TASK – Please restate each line of the data below exactly. Omit all images.

DATASET EXCERPT –
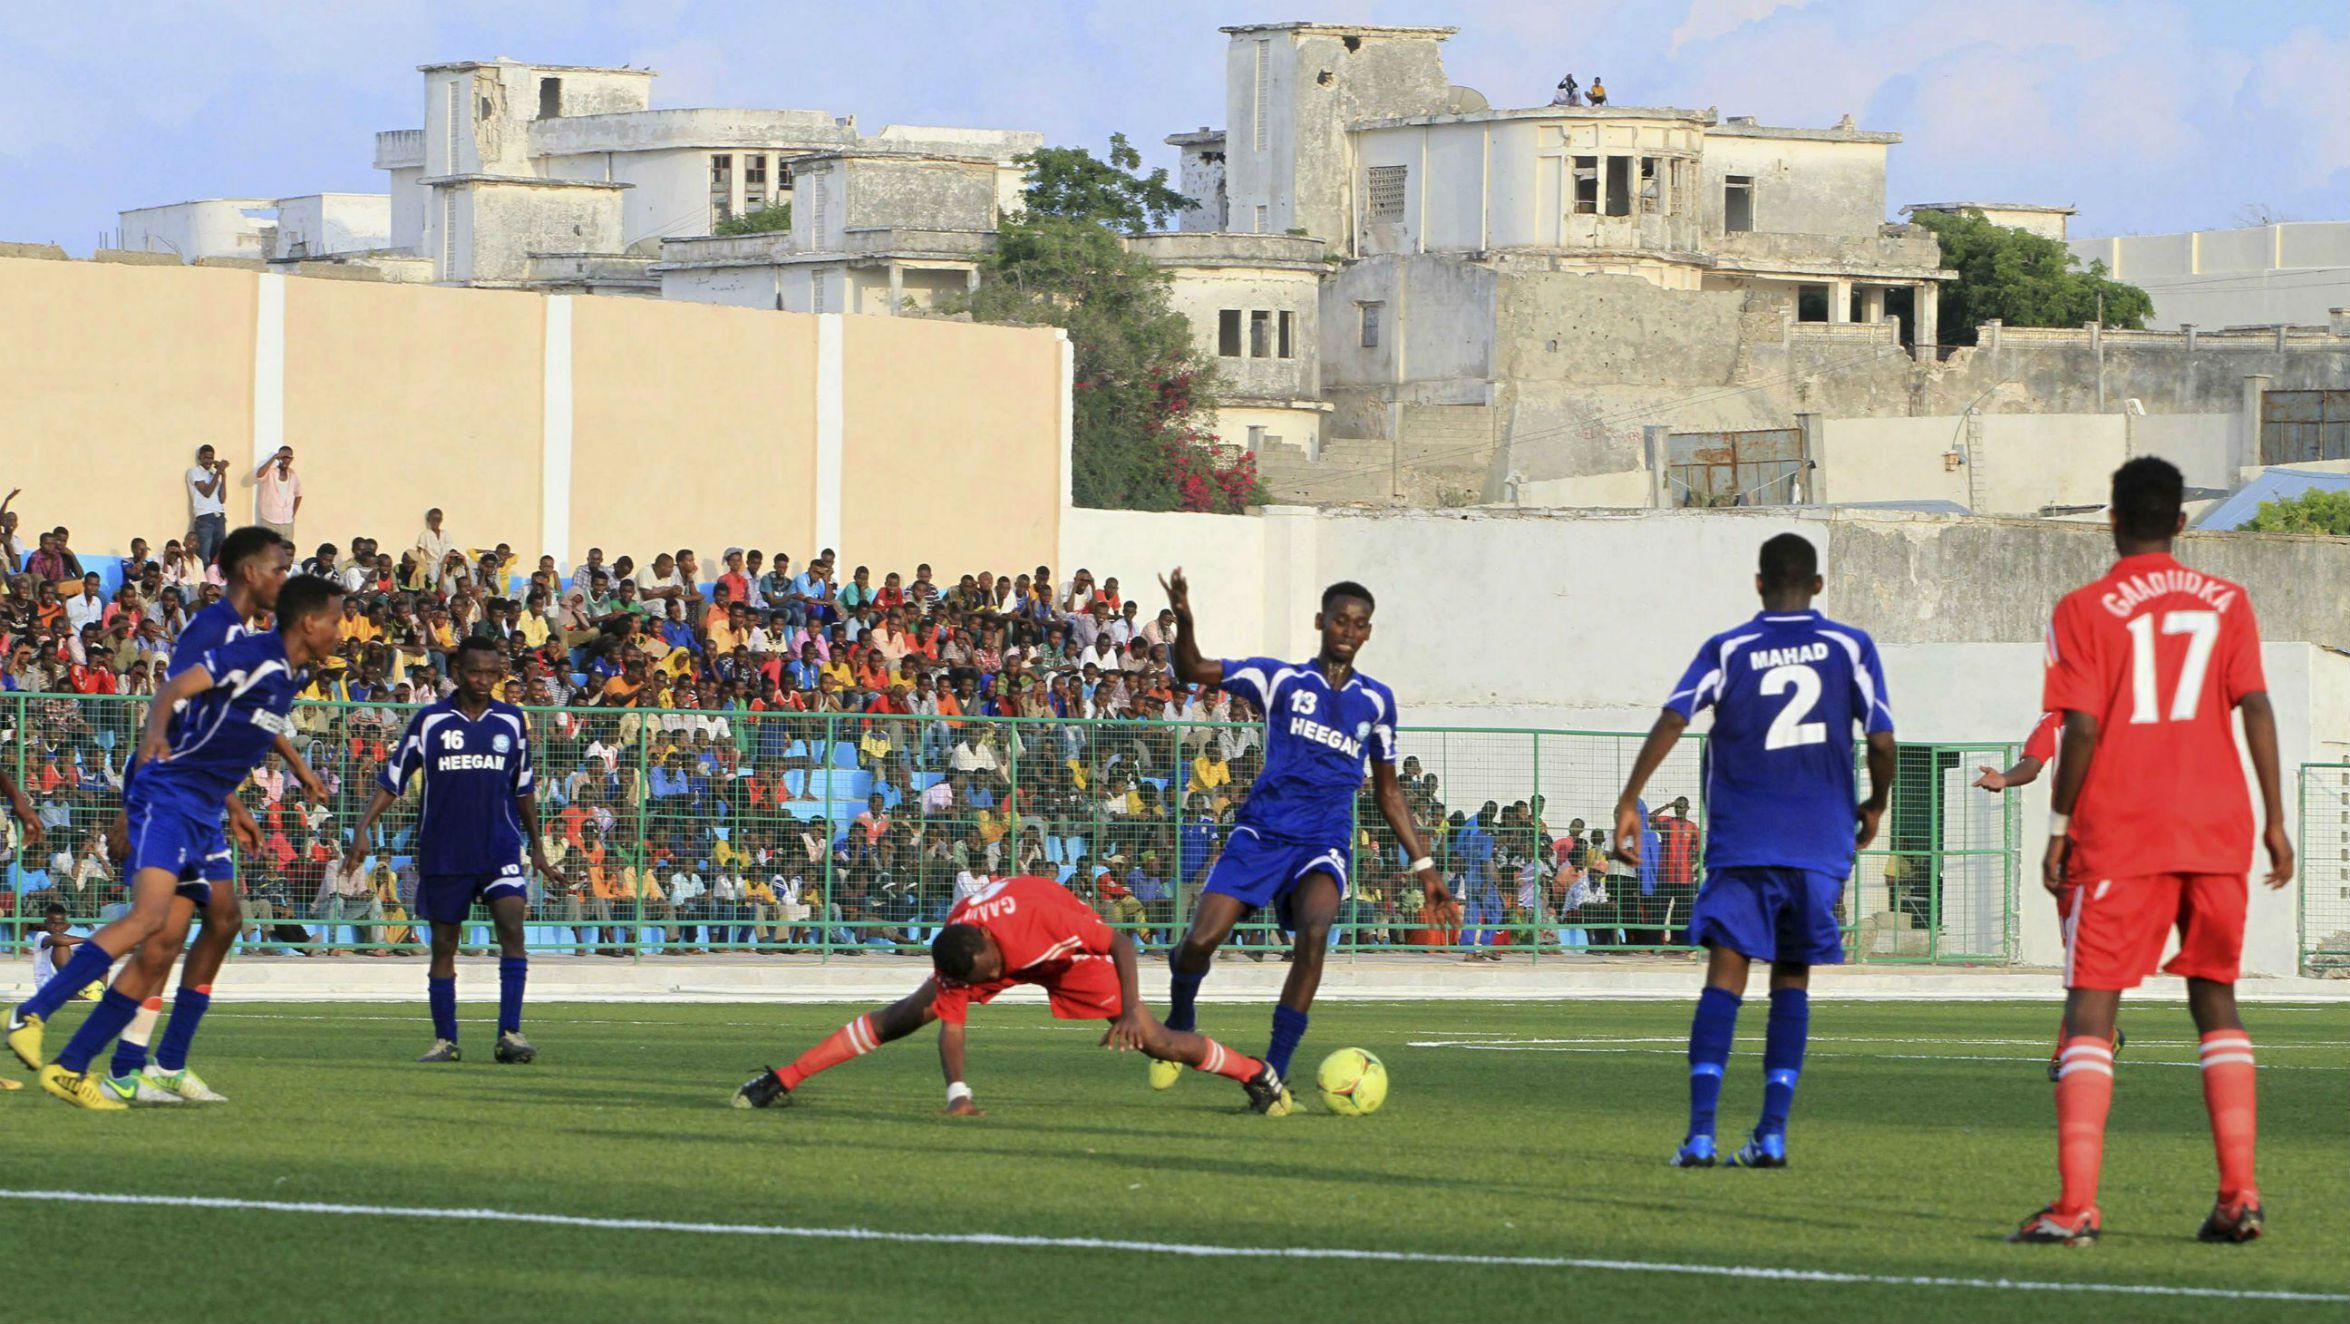 Banadir Stadium in Mogadishu, Somalia
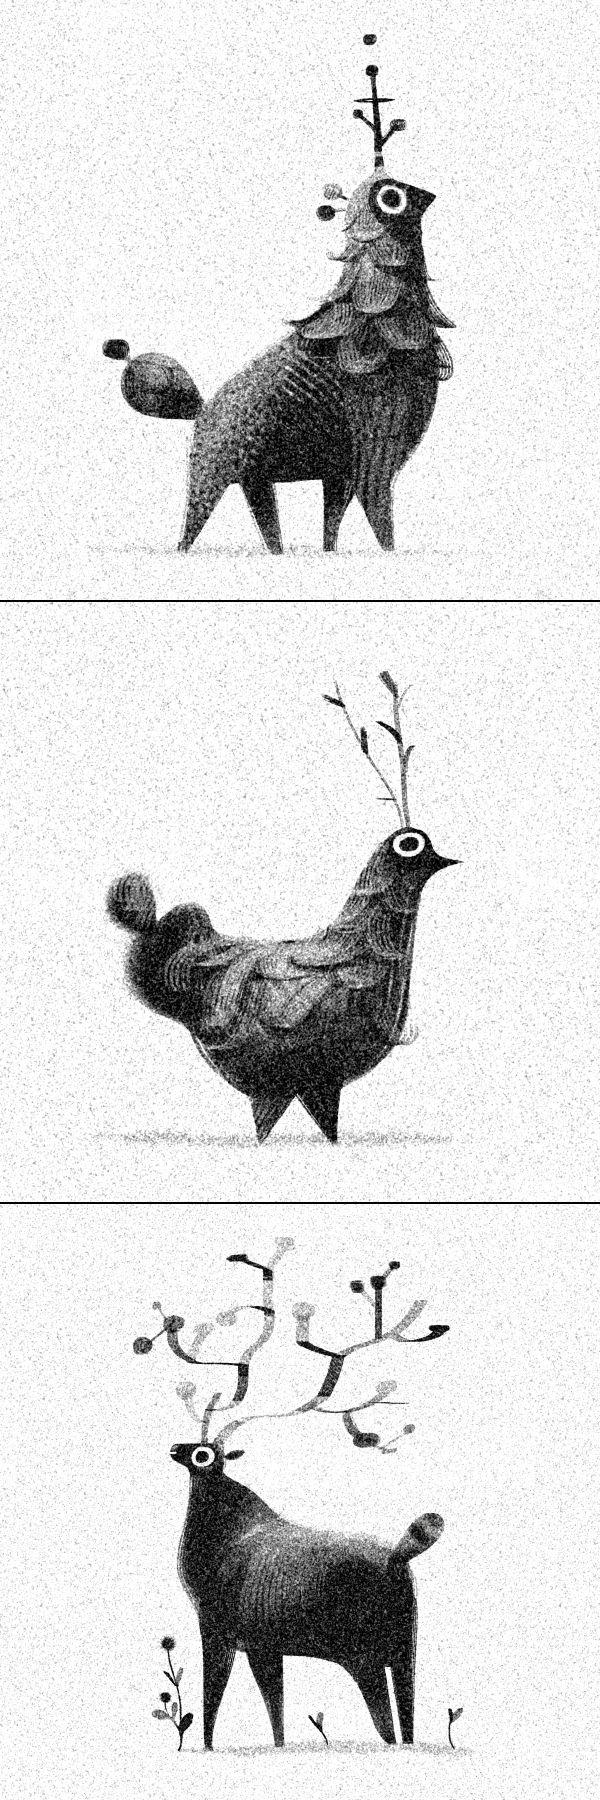 Illustrator: Oren Haskins
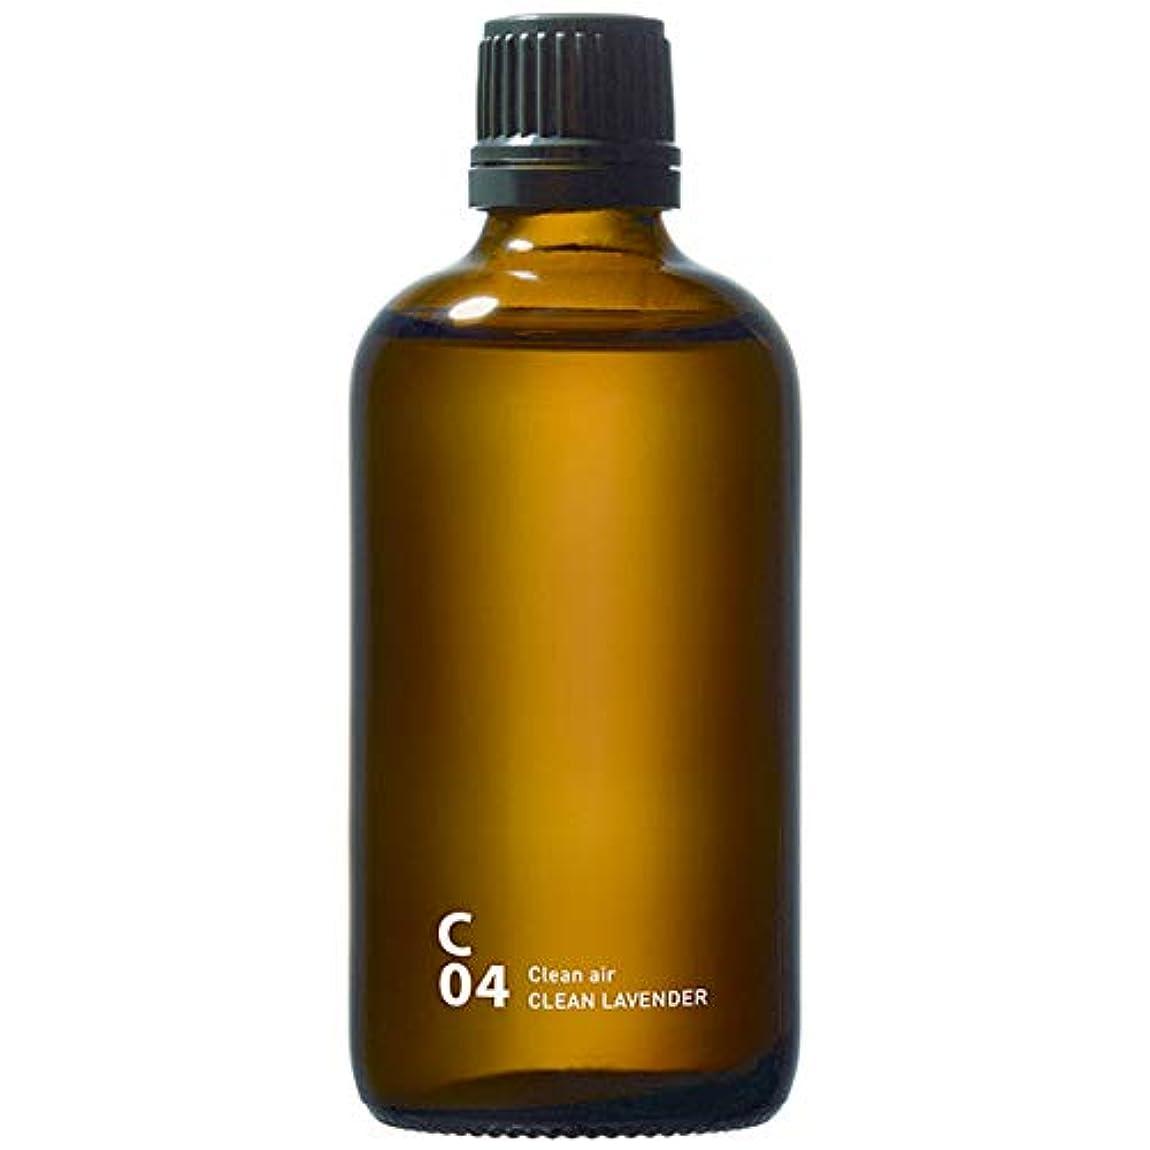 センブランス機関パワーセルC04 CLEAN LAVENDER piezo aroma oil 100ml

PROBLEM SOLUTION –
 Banadir Stadium in Mogadishu, Somalia
 Illustrator: Oren Haskins
 センブランス機関パワーセルC04 CLEAN LAVENDER piezo aroma oil 100ml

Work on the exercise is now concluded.